# The Blue Man Group Tour



## tesseract (Aug 9, 2010)

Oh man, this should be good. We have four shows in three days lined up for my city, and the local paper says they have added a fifth. :jiggy:

Most towns will have multiple shows, so lots of opportunity to fit this into your schedule if you want to see these guys.

:biglaugh: http://www.blueman.com/app/webroot/nationaltour/ :biglaugh:


----------



## Sparky14 (Mar 5, 2008)

I love BMG, wish they would do more studio CDs.

I caught them in their off-Broadway show in NYC back around 1991-1992. My all-time favorite show/concert.


----------



## tesseract (Aug 9, 2010)

These guys play New York, Boston, Chicago, Las Vegas, and Orlando regularly. I don't believe they have ever done a nationwide tour like this.

This will make up for the GWAR concert I just missed.


----------



## fitzwaddle (Aug 25, 2010)

tesseract said:


> These guys play New York, Boston, Chicago, Las Vegas, and Orlando regularly. I don't believe they have ever done a nationwide tour like this.
> 
> This will make up for the GWAR concert I just missed.


Do they still tour?










I saw BMG in Vegas a couple years ago, it was a lot of fun; went again last year, but was disappointed that it was still the same identical show - surprised they didn't mix it up at all in two years.


----------



## tesseract (Aug 9, 2010)

Yeah, they should mix it up a bit, or better still... come up with some new material. I own the DVD (The Complex Tour Live) and probably won't buy the Blu Ray (How to be a Megastar Live) because it is basically the same show.

GWAR has been to my town twice in the last 6 months or so.

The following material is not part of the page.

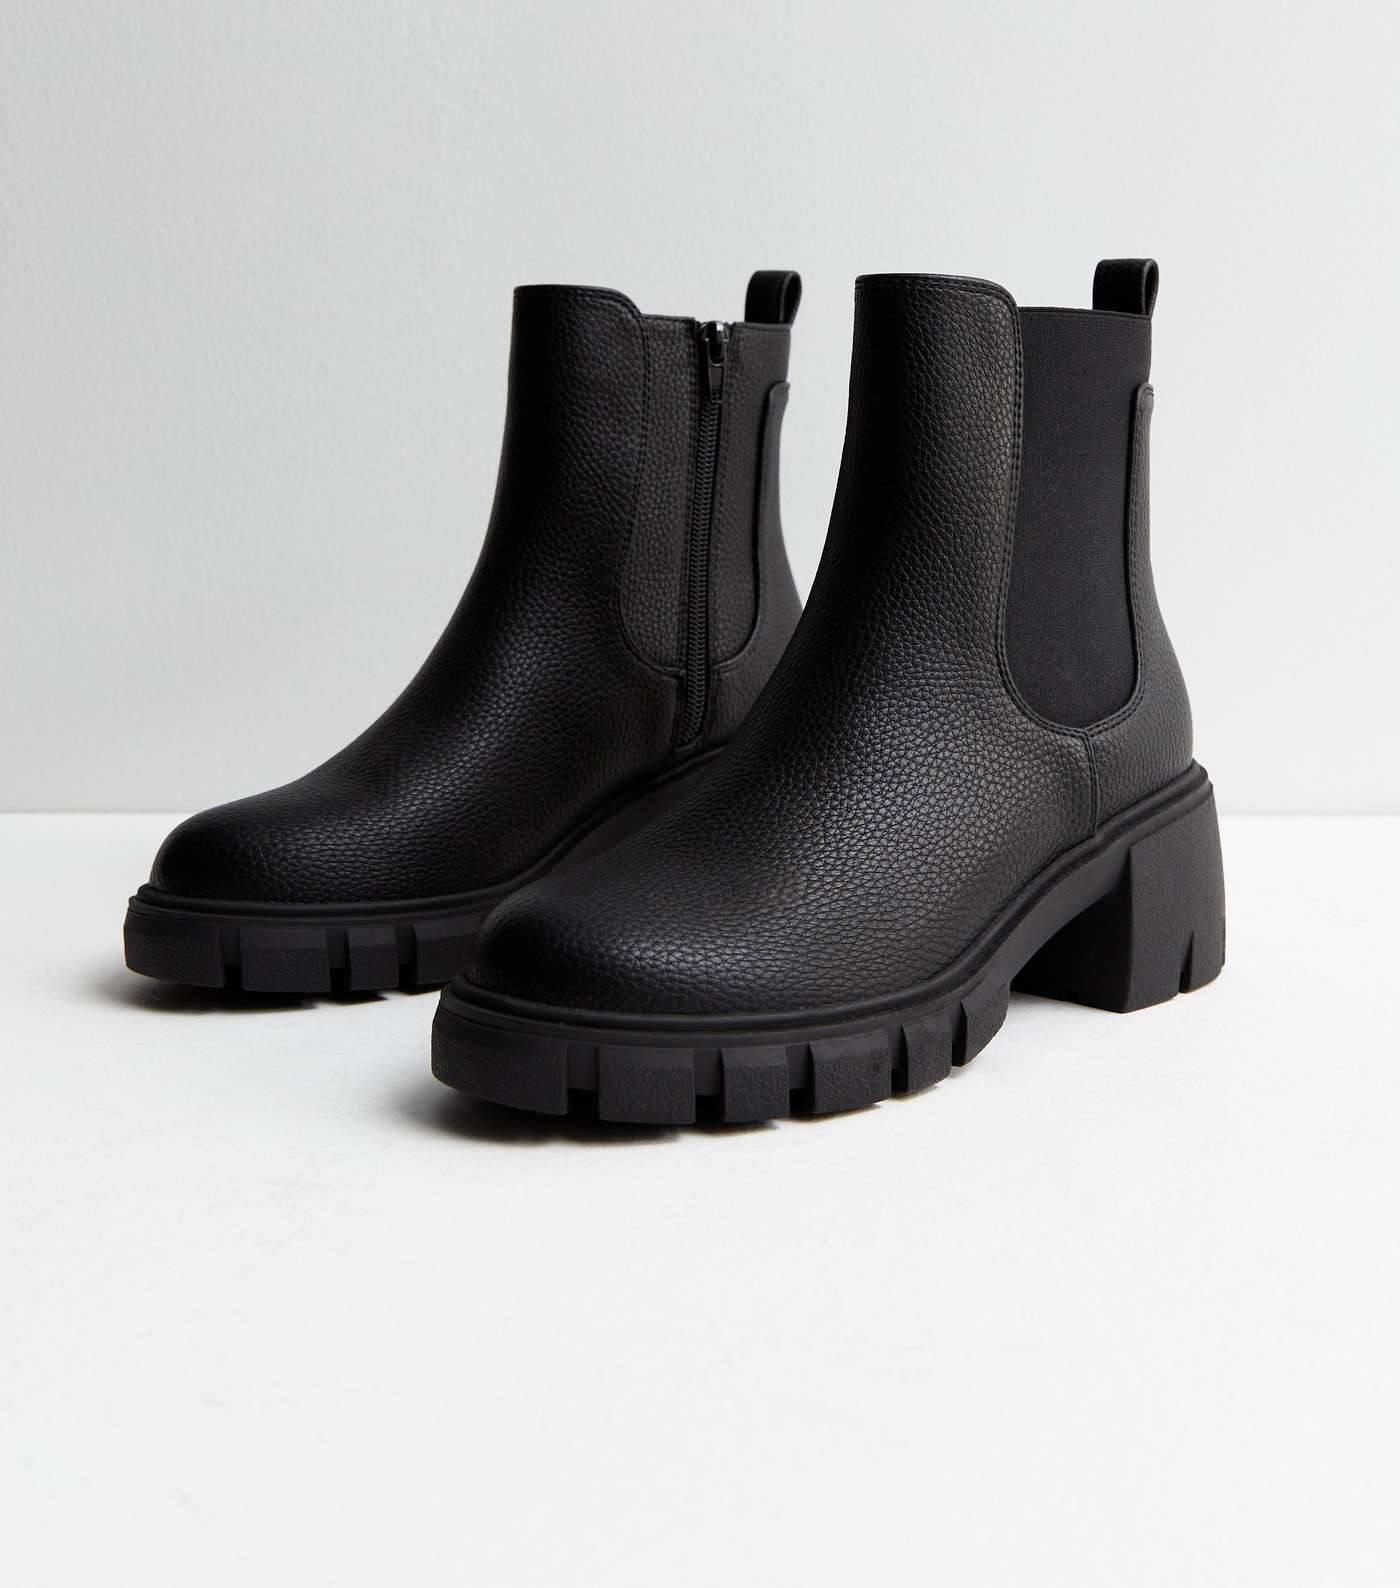 Black Leather-Look Cleated Block Heel Chelsea Boots Image 2

The very day I could afford the tickets, they sold out. :hissyfit: Hope they come this way again.

View attachment 2160


----------



## blackzarg (Apr 19, 2009)

I'm reminded of Arrested Development


----------



## Steve_Vai_rules (Jun 22, 2010)

gwar was awesome! every album sounds pretty much the same, kinda like acdc but hey its a formula and it works for them. they put on a great show 

must see for the whole family "thumbsup:


Matt


----------



## tesseract (Aug 9, 2010)

My girlfriend I attended the National Tour this evening at the Lied Center.

I'll try and get some pics up later. I had the ISO setting on my little point and shoot too high, many of them are grainy. Couldn't tell until I downloaded them at home. :doh! 1:

Anyone else attend, or going to attend?


----------